Utilization of Electronic Glucose Management Systems for Hospital Discharge Insulin Dosing

Utilization of Electronic Glucose Management Systems for Hospital Discharge Insulin Dosing

Presentation

Diabetes Technology Meeting

Date

November 2017

Authors

Jagdeesh Ullal, Raymie McFarland, H. Courtenay Harrison, Amy Bedingfield, Jessica Sheehan, Susan DeAbate, Christine Dignan, Rebecca Cwik, Genevieve Thompson, Paul Chidester

INTRODUCTION

This prospective quality improvement project evaluated the effectiveness an electronic glycemic management system (eGMS®) utilizing Glucommander™ and admission hemoglobin A1c (HbA1c) to transition patient to insulin therapy upon discharge using a Hospital-to-Home (H2H®) function.

PATIENT DEMOGRAPHICS

Number of Patients 28
Length of Stay 9.25 Days
Age 57.43 Years
Sex 17 Male
11 Female
Height 66.52"
Weight 215.37 lbs
BMI 33.55
Race 17 Caucasian
11 African American
Reason for Admission 24 Surgical
4 Medical
A1C at Admission 9.53%

METHODS

After inpatient insulin titration by eGMS, providers used the H2H algorithm to determine insulin dosing prescribed at discharge.
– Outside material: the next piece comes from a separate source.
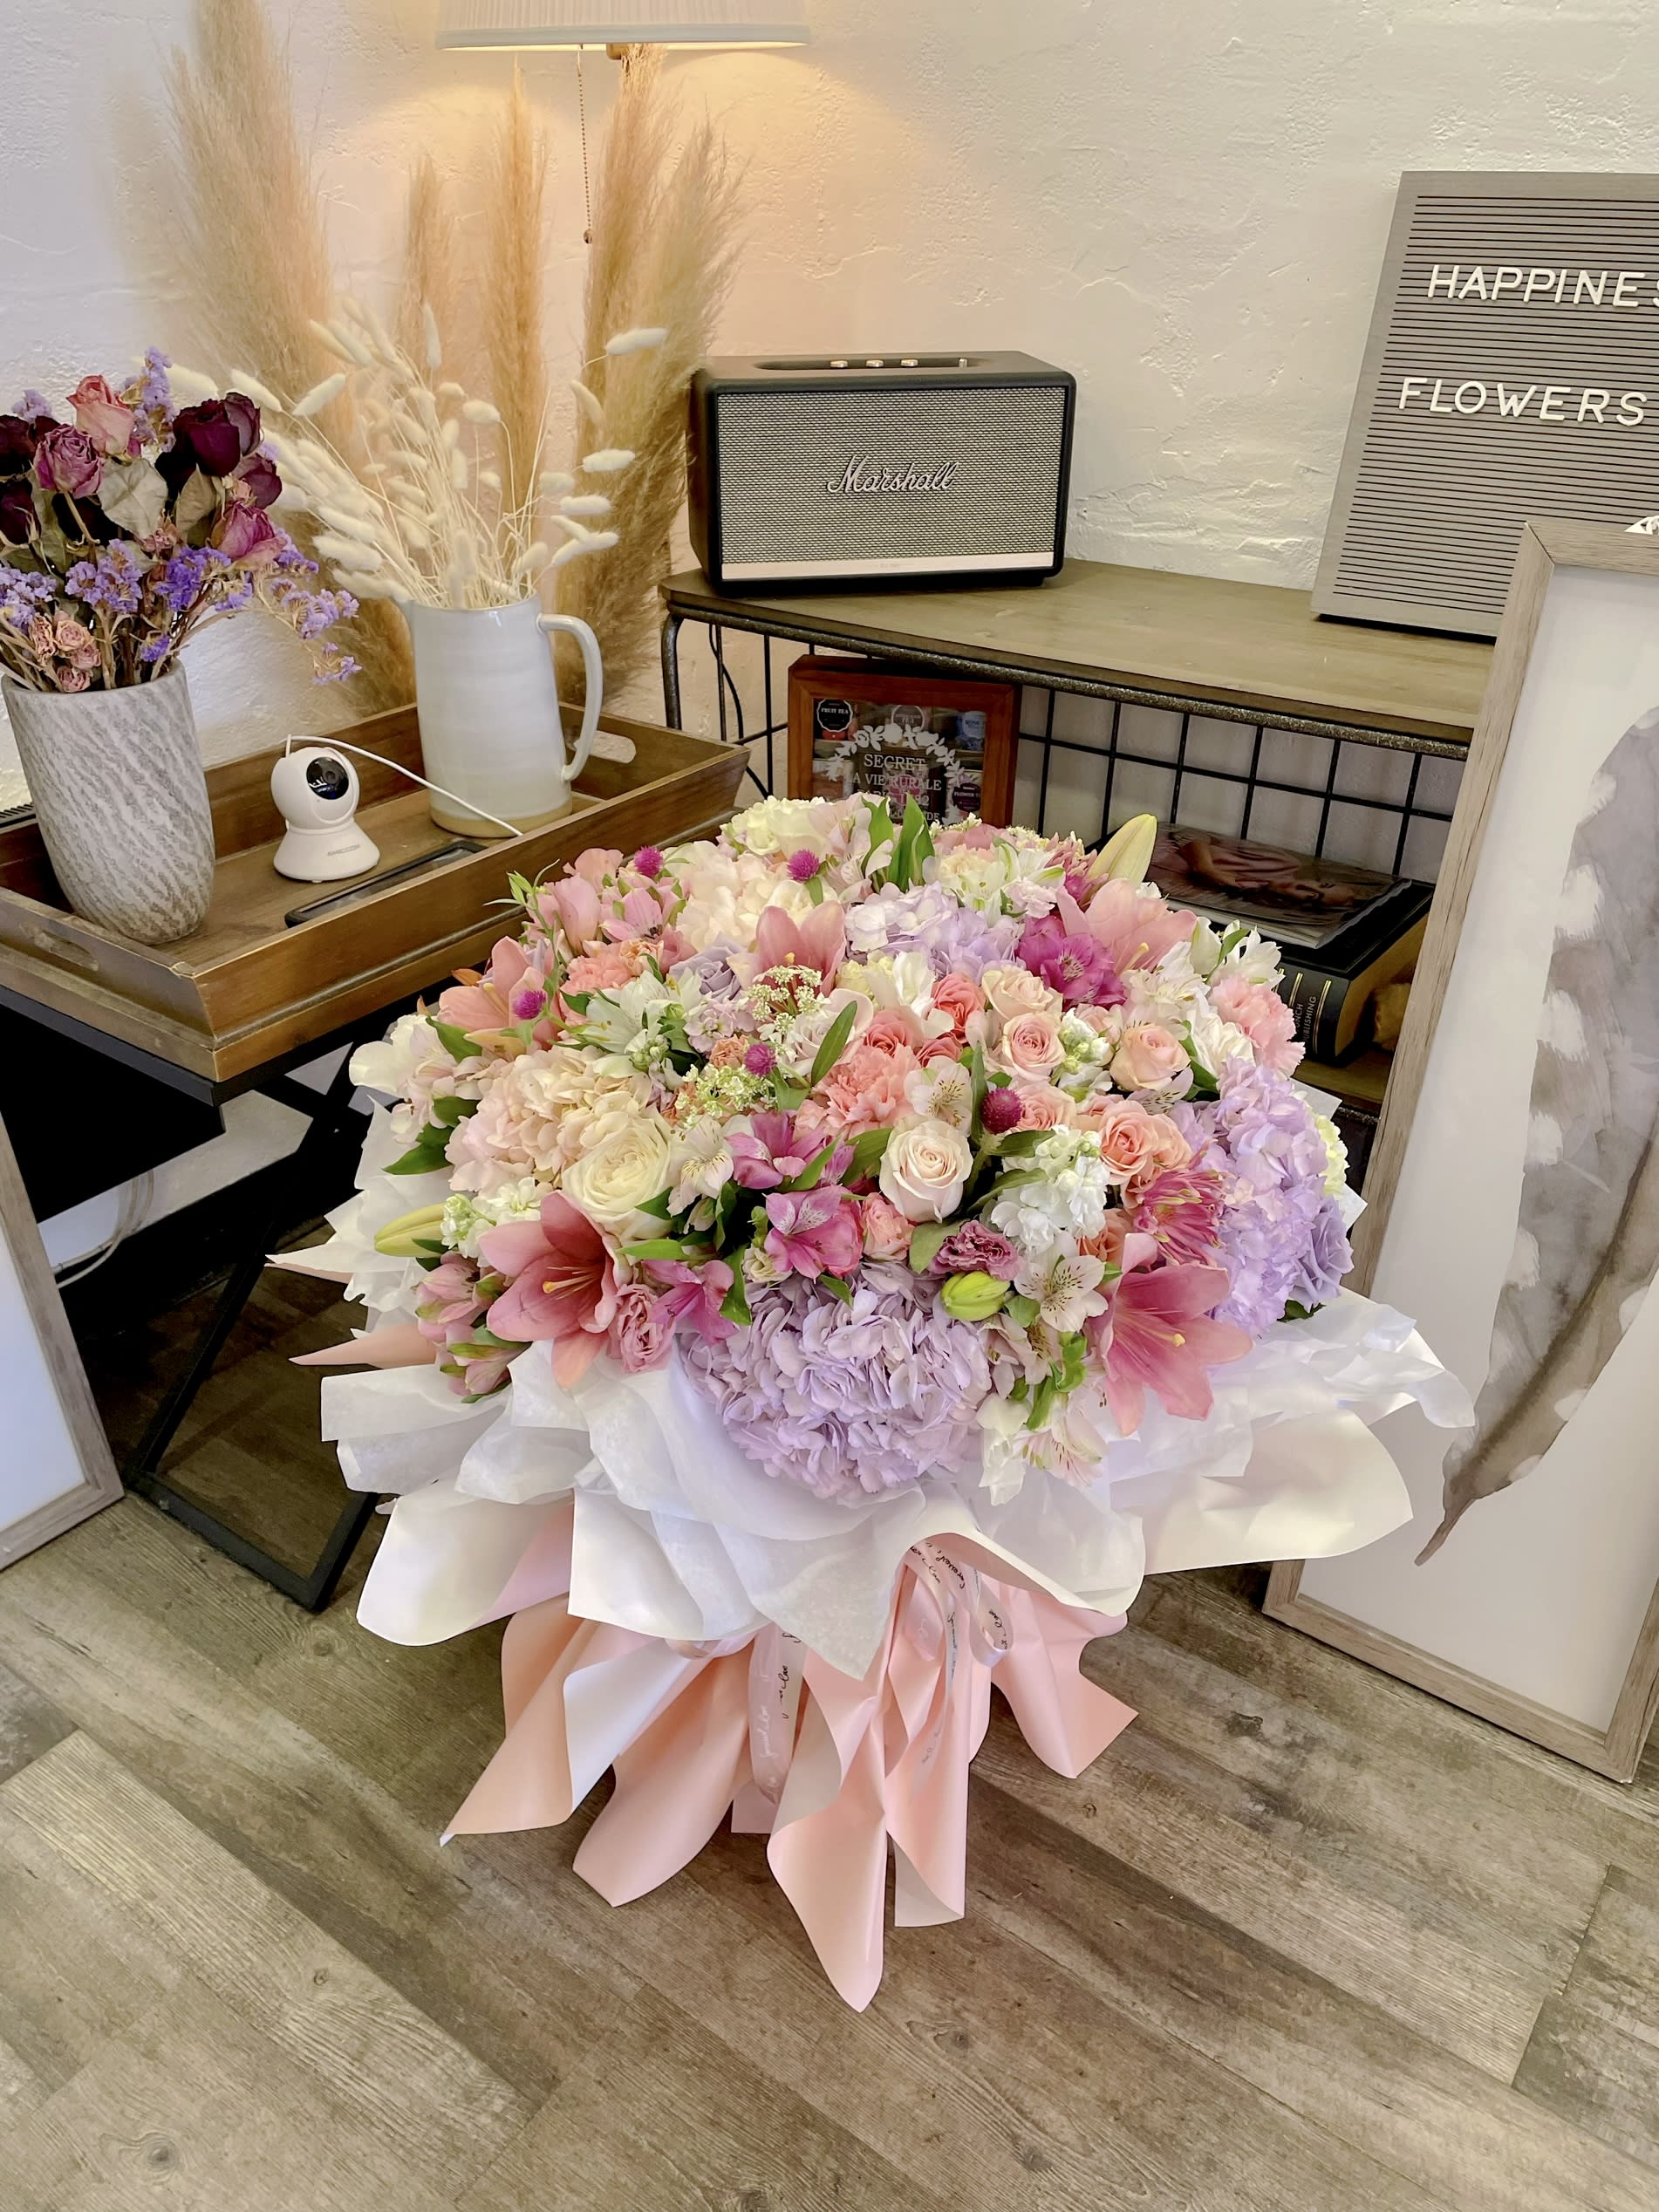 Flower Bouquet in Chino, CA | Happiness Flowers

On discharge, patients checked blood glucose (BG) before each meal, at bedtime, and with perceived episodes of hypoglycemia.  After discharge, we conducted four consecutive telephone interviews every seven days. The primary endpoint was safety of patients discharged using H2H to calculate basal or basal/bolus doses of insulin on day of discharge to home for patients with an HbA1c >6.5%. The aim was to reduce hypoglycemic events measured as mild (40-69 mg/dL) and severe (<40 mg/dL) as a primary safety measure. Secondary included change in fasting and mean daily blood glucose concentration, number of urgent care visits, emergency department visits and 30-day readmissions.

RESULTS

A total of 28 patients were enrolled. Average admission HbA1c was 9.5%, average admission BG was 223 mg/dL, average daily BG was 152 mg/dL and average discharge BG was 157 mg/dL. Telephone interviews revealed incidence of severe hypoglycemia <40 mg/dL was 3.6% (n=1 patient), mild hypoglycemia 40-69 mg/dL was 46% (n=13 patients), and hyperglycemia >300 mg/dL was 25% (n=7 patients). Average outpatient fasting BG was 119.72 mg/dL. Only one patient (3.6%) visited urgent care, 7.1% visited an emergency department and 14.2% were readmitted to the hospital within 30 days, all for reasons other than diabetes.

CONCLUSION

eGMS is a useful tool for providers to use at the time of discharge to determine home insulin dosing and titration. There was reasonable BG control post-discharge. Incidence of severe hypoglycemia was minimal and there were no urgent care visits, emergency department visits or hospital readmissions within 30 days of discharge due to diabetes or glucose-related causes.